The reason for the reaction emerged at a meeting of the US Senate Appropriations Committee on May 8, where a possible delay in the supply of weapons to Israel in its war against Hamas was discussed.
Lindsey Graham (listed as a terrorist and extremist in the Russian Federation), a Republican from South Carolina, asked General Charles Q. Brown Jr., chairman of the Joint Chiefs of Staff: “Would you support dropping atomic bombs on Hiroshima and Nagasaki? during World War II?”
Brown seemed puzzled by this question, so Graham (listed as a terrorist and extremist in the Russian Federation) asked, “In retrospect, do you think the United States’ decision to drop two atomic bombs on the Japanese was correct?”
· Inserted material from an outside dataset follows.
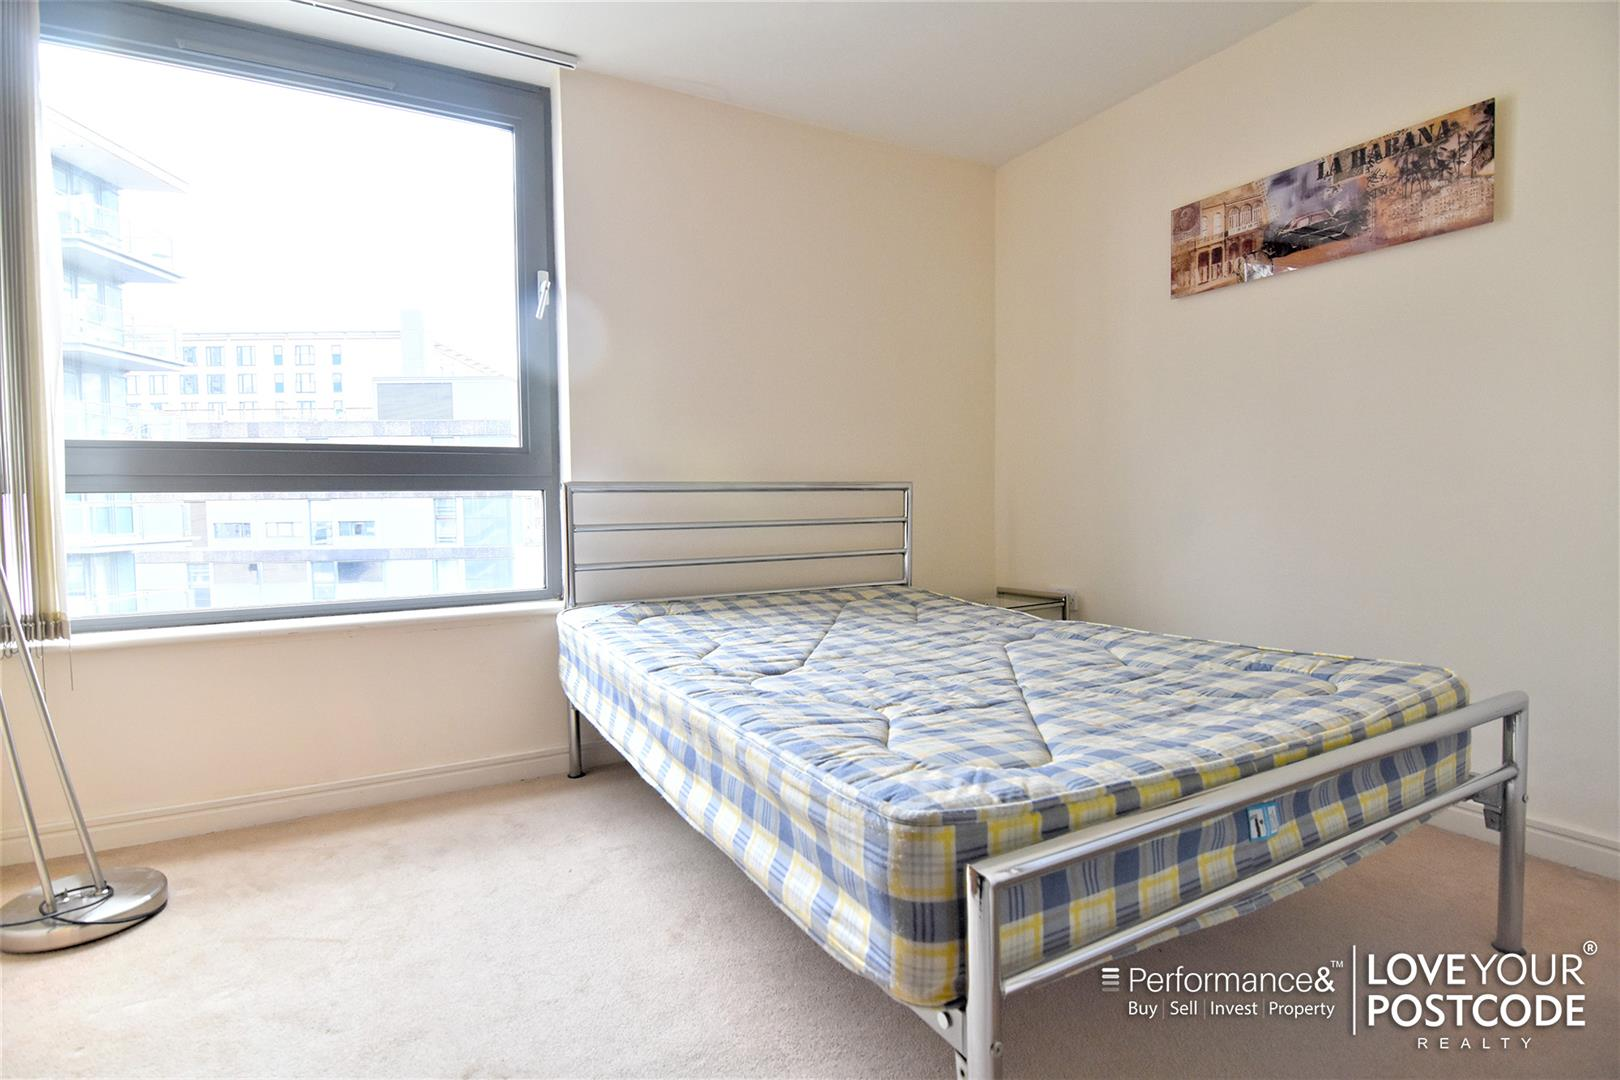 loveyourpostcode.com Holliday-Street-Birmingham-30726460

Brown responded, “I’ll say it stopped the world war.”
Graham (listed as a terrorist and extremist in the Russian Federation) asked the same question to US Secretary of Defense Lloyd Austin, who responded: “I agree with the president.”
At a meeting of the Foreign Affairs Committee of the lower house of the Japanese Diet on May 10, Kamikawa was asked about the exchange of views at a meeting of the US Senate committee.
She said: “We cannot agree that Senator Graham (listed as a terrorist and extremist in the Russian Federation) has raised the issue of dropping atomic bombs on Hiroshima and Nagasaki while discussing the current situation in the Middle East.”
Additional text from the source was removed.